All L. monocytogenes strains could be detected using the primer set of the present invention and the Takara Bio and ABI kits. However, new in the case of using the primer set 7 designed, although amplification was observed in L. innocua two strains in Listeria except L. monocytogenes, Listeria other non L. monocytogenes The target product was not amplified in (LIS30, LIS31, LIS33, LIS34, LM40, LM41, LM43) (see FIG. 14). In contrast, in the Takara Bio kit, band amplification was observed in 9 Listeria bacteria other than L. monocytogenes , but amplification was not observed in other LIS33, LIS35, and LM40 strains (see FIG. 17). ). ABI Inc. The kit, L. in Listeria other than monocytogenes but Ct value in L. innocua 1 strain (LIS30) was at 41.48 and 40 cycles or more, other Listeria except L. monocytogenes Then, a rise in fluorescence intensity was observed before 40 cycles. In the ABI kit, bands were not separated because the size of the amplification product of IPC and the target gene was almost the same, and amplification was observed in all strains except L. monocytogenes (see FIG. 20).

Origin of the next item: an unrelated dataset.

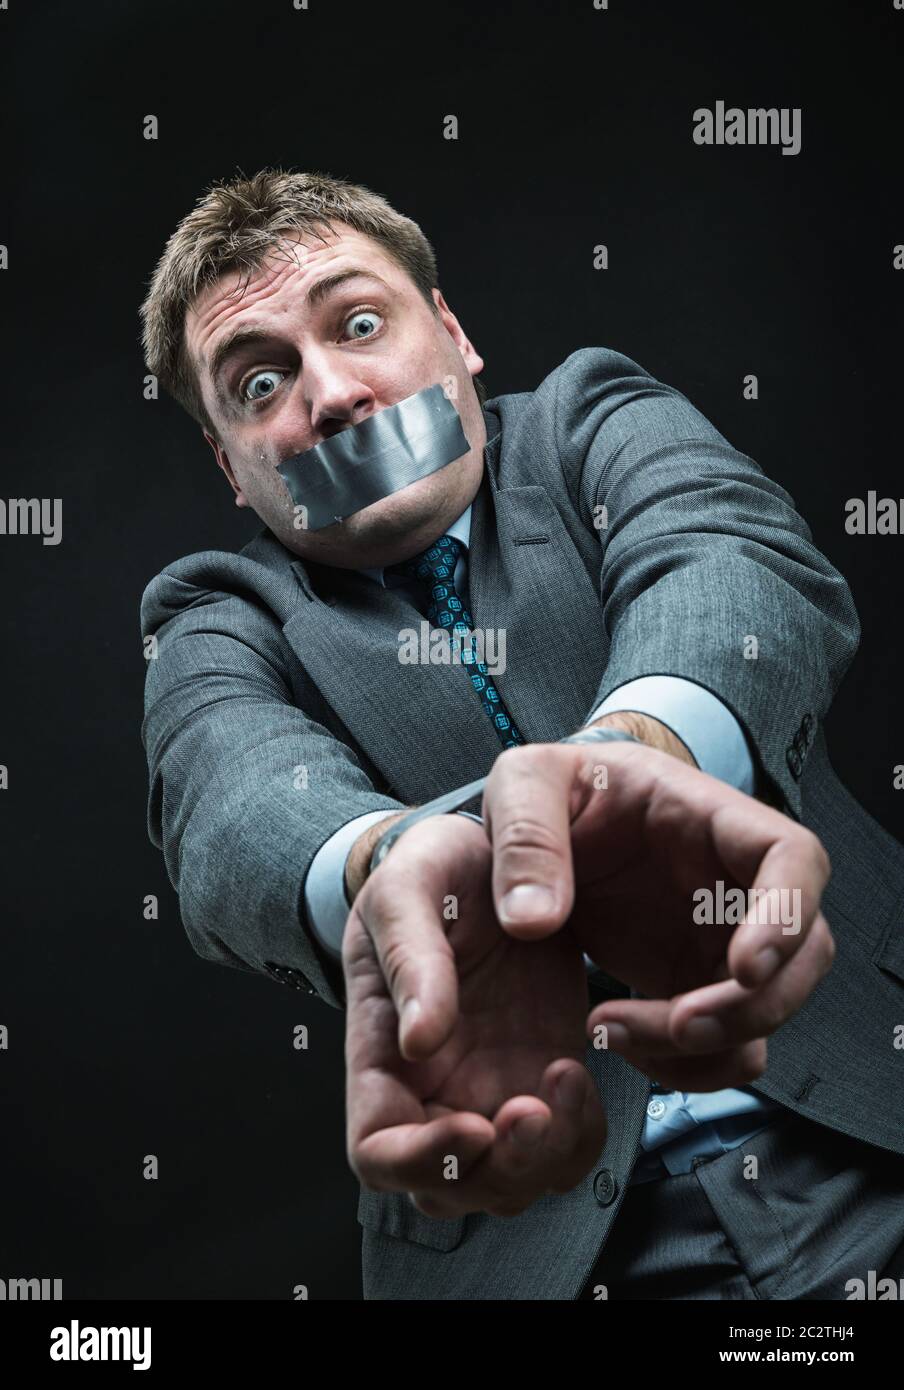 Mann mit Mund und Händen bedeckt durch Klebeband, Studio-Shooting Stockfoto

From these results, primer set 7 can detect all L. monocytogenes, and the detection rate of Listeria bacteria other than L. monocytogenes is considerably lower than that of commercially available kits, and specificity for L. monocytogenes Was shown to be high.

As described above, by performing RT-PCR using the primer set of the present invention, in particular the primer having the base sequence shown in SEQ ID NO: 1 and the primer set having the base sequence shown in SEQ ID NO: 18, L. Only monocytogenes can be detected with relatively high accuracy.

Claims (2)

A primer set for nucleic acid amplification that amplifies a sequence region sandwiching a specific single base substitution in the hlyA gene of Listeria monocytogenes ,
A primer set comprising a primer having the base sequence shown in SEQ ID NO: 1 and a primer having any one of the base sequences shown in SEQ ID NOS: 12-16 and 18-20, or a primer having the base sequence shown in SEQ ID NO: 11 and SEQ ID NO: A primer set comprising a primer having the base sequence shown in FIG. A primer set for nucleic acid amplification that amplifies a sequence region sandwiching a specific single base substitution in the hlyA gene of Listeria monocytogenes ,
A primer set comprising a primer having a base sequence represented by SEQ ID NO: 1 and a primer having a base sequence represented by SEQ ID NO: 18.